# Question 1: Data Analysis with Spark

In [11]:
import csv
from pyspark.sql import SparkSession
from pyspark.sql.types import StructType, StructField, StringType, IntegerType, DateType
from pyspark.sql.window import Window
from pyspark.sql.functions import *

#### Configure file path

In [3]:
# local file path configured for testing locally
aircraft_path = 'assignment_data_files/ontimeperformance_aircrafts.csv'
airline_path = 'assignment_data_files/ontimeperformance_airlines.csv'
airport_path = 'assignment_data_files/ontimeperformance_airports.csv'

## Alter flight_path to assess performace later for Qestion 2
flight_path = 'assignment_data_files/ontimeperformance_flights_tiny.csv'

#### Start SparkSession and load data to the form of Spark Dataframe

In [4]:
spark = SparkSession \
    .builder \
    .appName("training explore") \
    .getOrCreate()


aircraft_df = spark.read.csv(aircraft_path, header=True) \
                .select("tailnum", "manufacturer", "model") \
                .na.drop() \
                .cache()

airline_df = spark.read.csv(airline_path, header=True).cache()

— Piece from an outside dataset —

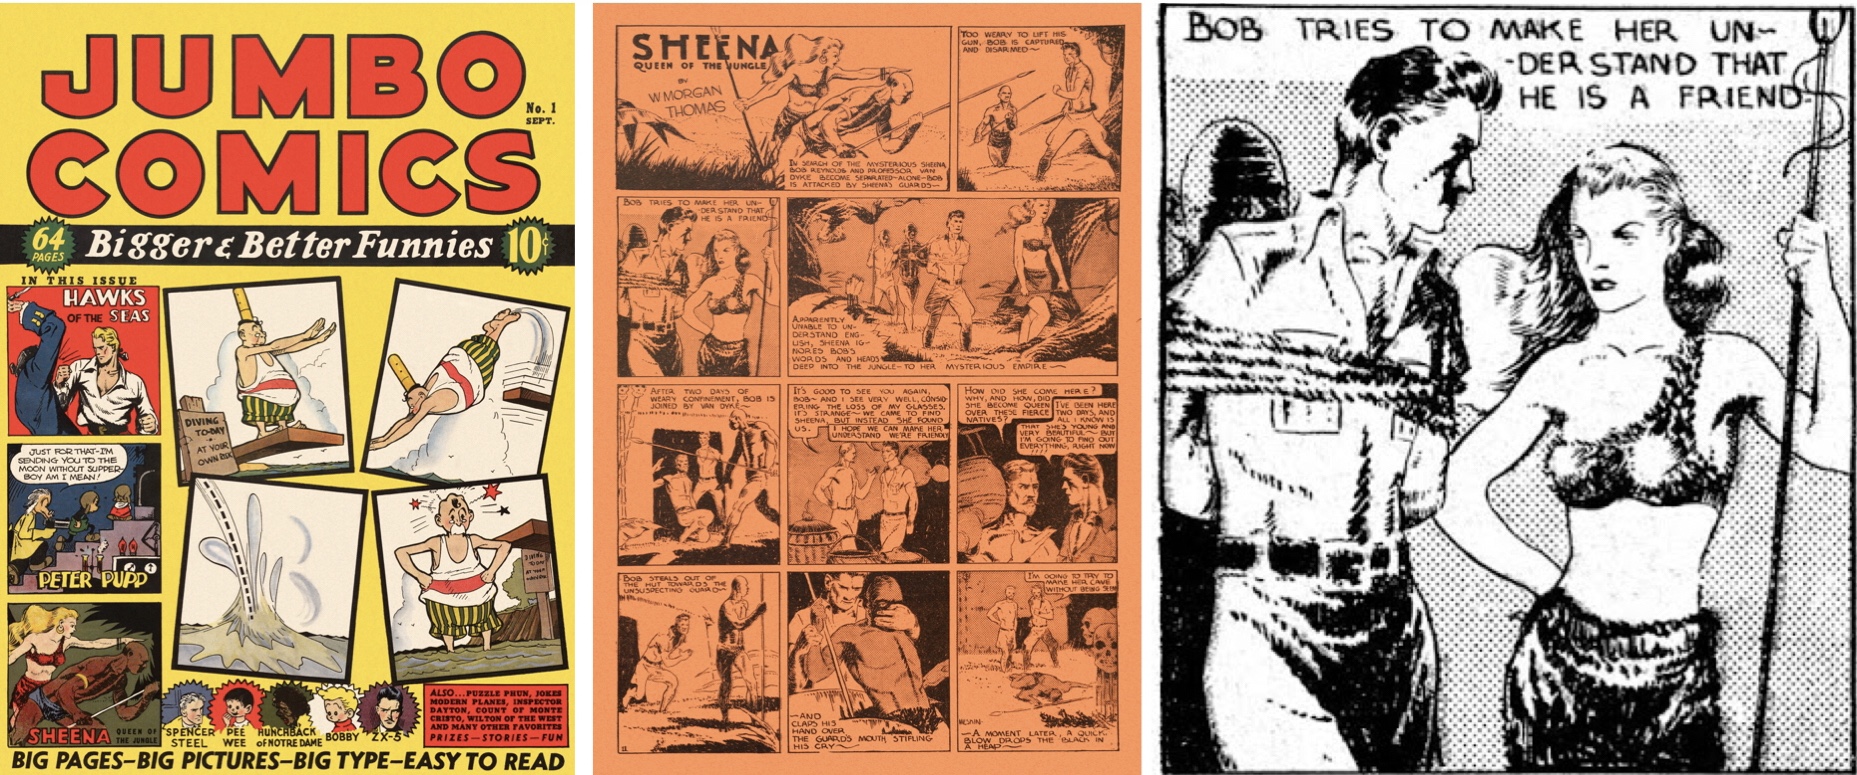 Jumbo Comics #1 publicerade svart/vita serier på färgat papper, men exkluderar man bakgrundsfärgen får man fram bilden på Sheena till höger.

flight_schema = StructType([
    StructField("flight_id", StringType(), True),
    StructField("carrier_code", StringType(), True),
    StructField("flight_number", StringType(), True),
    StructField("flight_date",DateType(),True),
    StructField("origin",StringType(),True),
    StructField("destination",StringType(),True),
    StructField("tail_number",StringType(),True),
    StructField("scheduled_depature_time",StringType(),True),
    StructField("scheduled_arrival_time",StringType(),True),
    StructField("actual_departure_time",StringType(),True),
    StructField("actual_arrival_time",StringType(),True),
    StructField("distance",IntegerType(),True)
    ])

flight_df = spark.read.csv(flight_path, header=True, schema= flight_schema) \
                    .select("carrier_code", "flight_date", "tail_number", 
                            "scheduled_depature_time", "actual_departure_time") \
                    .cache()

## Task 1: Top-3 Cessna Models

In [5]:
# Filter out CESSNA aircraft from cessna_aircraft_df
cessna_aircraft_df = aircraft_df.where("manufacturer == 'CESSNA'")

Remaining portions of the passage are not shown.